Master mind Kathleen Marshall (the current revival of Anything Goes) takes the music of the Gershwin’s and the words of Joe DiPietro (Memphis) in order to recreate the feel of the original musical comedies.  DiPietro does a nice job with the book, creating a world the in light and fun, but hounded with long songs that ultimately make the piece feel dragged out and a little too long.  The phrase ‘too much of a good thing’ can easily be applied to this new Broadway musical.  Too many song and dance numbers, while arranged well, drag out a story that is really simple and has no need to be dragged on through almost three hours.  Even the designs felt to me a bit too much.  While the scenic design from Derek McLane (the current revival of The Best Man) is lush and gorgeous, it is extremely over powering making the performers feel claustrophobic in what is supposed to be a huge mansion.  Lighting design from Peter Kaczorowski (Venus in Fur) was beautiful, but was forced to change colors at the start of each new song after only a few lines a dialogue.  Costume designer Martin Pakledinaz (The Normal Heart) is the shining star of the production team creating period pieces that are stunningly crafted and just marvelous to look at.  Over all, director Kathleen Marshall does a nice job with this piece, but did not take it the extra notch needed to make this new romp stand out as the next best original musical.

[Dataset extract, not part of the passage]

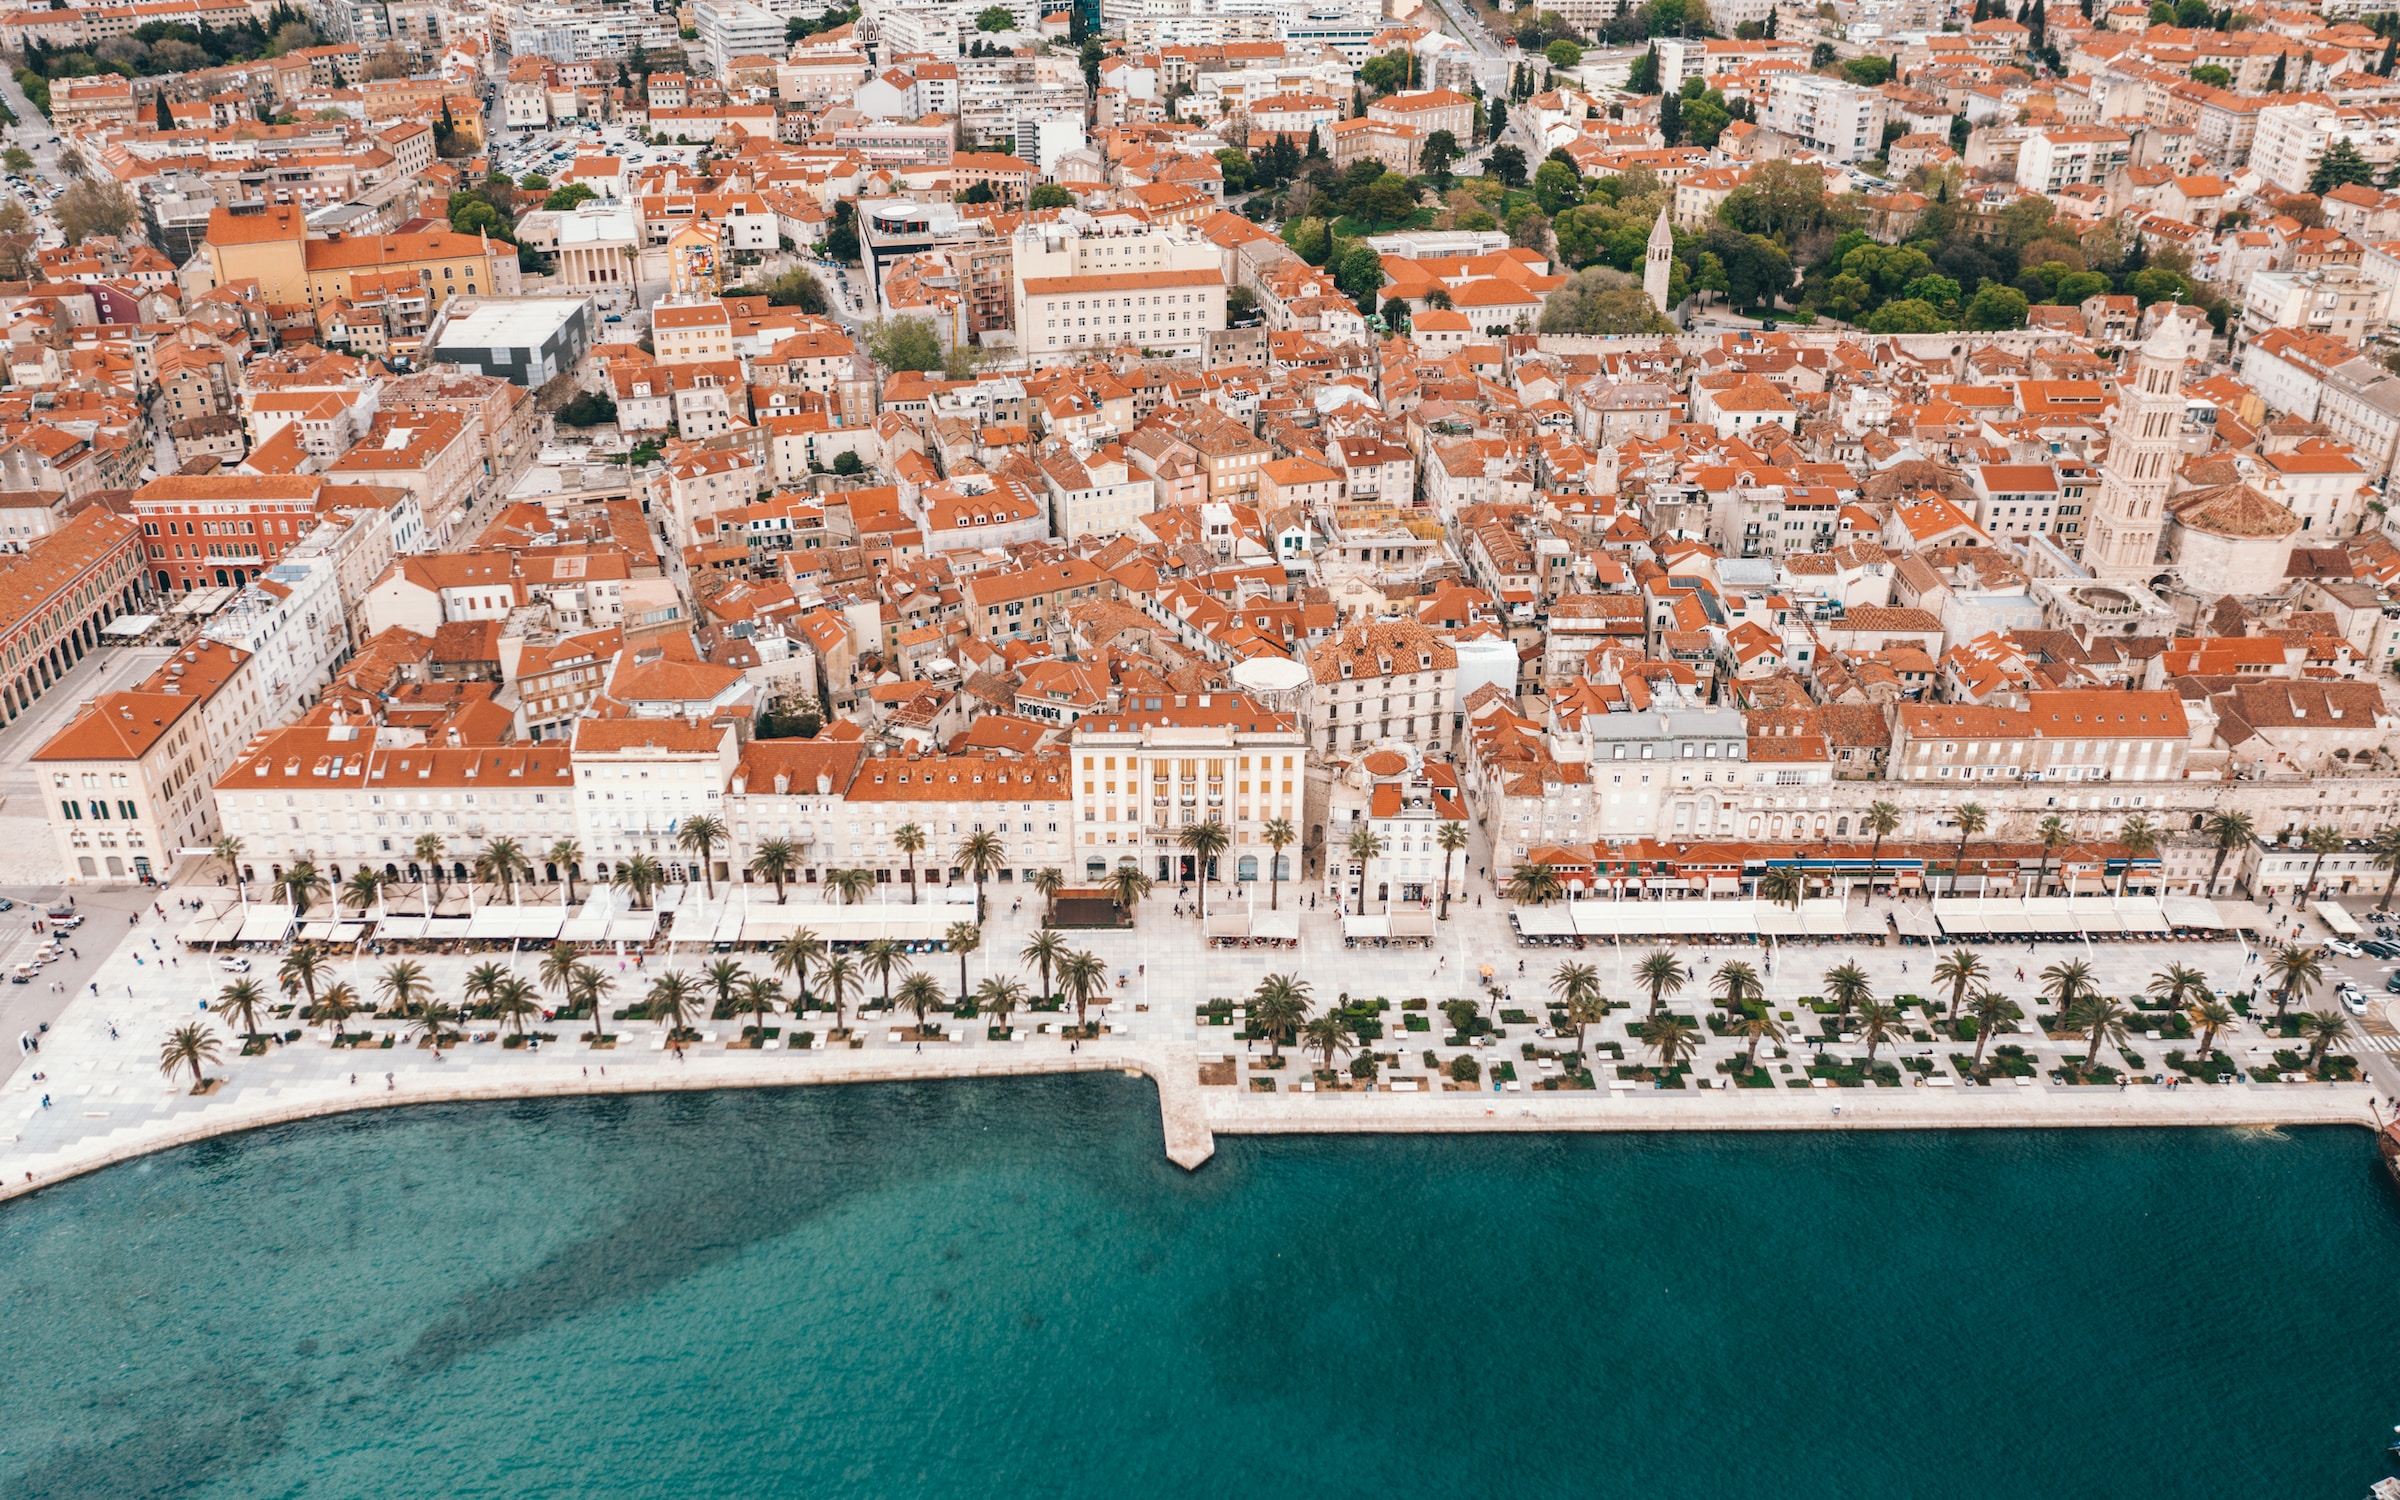 Day 10 Mostar – Transfer Day to Dubrovnik or Split (Croatia)

Nice Work If You Can Get It offers an enjoyable night at the theatre, full of crazy good dancing, great vocals, and light chuckles.  Broderick and O’Hara do their job to make the audience escape into the world of the prohibition through song and dance.  In the end, however, the audience walks out singing something like, “It’s a nice comedy if you can get it, and get it well … they tried.”